Auch Nachfahren, die in Flüchtlingslagern in den Palästinensergebieten oder umliegenden arabischen Staaten leben, fordern daher ein "Recht auf Rückkehr" auf israelisches Staatsgebiet. Israel lehnt dies ab, weil es aus seiner Sicht die Zerstörung des jüdischen Staates bedeuten würde.

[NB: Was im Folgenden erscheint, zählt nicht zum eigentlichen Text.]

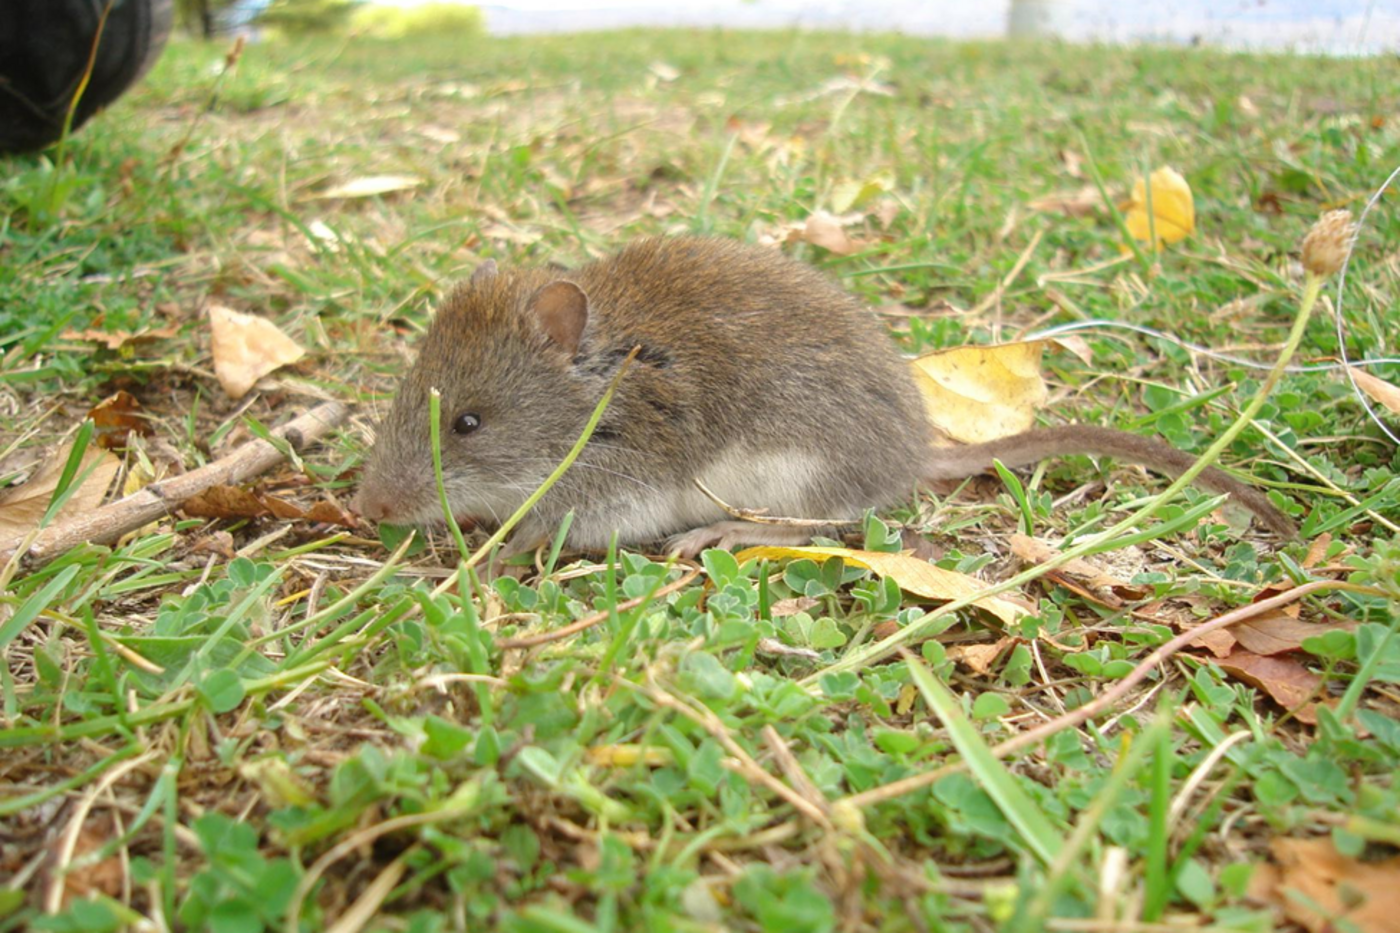 A greyish brown mouse with small black eyes sits on the grass, with sticks and leaves around it.

Die Zahl von Juden und Arabern im Bereich des historischen Palästina zwischen Mittelmeer und Jordan ist heute etwa gleich, wie die israelische Cogat-Behörde jüngst mitteilte - jeweils etwa 6,5 Millionen. Das Thema Demografie ist in der Region besonders sensibel, weil es weitreichende Auswirkungen auf die Zukunft beider Völker hat.

Seit mehr als 50 Jahren hält Israel das Westjordanland besetzt, die Zahl der Siedler dort und in Ost-Jerusalem ist bereits auf etwa 600.000 angewachsen. Mitglieder der rechts-religiösen Regierung wollen, dass Israel sich Teile des Westjordanlands einverleibt. Damit wäre das Ziel eines unabhängigen Palästinenserstaates wohl endgültig vom Tisch. Wegen seiner Palästinenserpolitik wird Israel international stark angefeindet, die BDS-Bewegung ("Boycott, Divestment and Sanctions"/"Boykott, Desinvestitionen und Sanktionen") setzt sich für einen Boykott ein.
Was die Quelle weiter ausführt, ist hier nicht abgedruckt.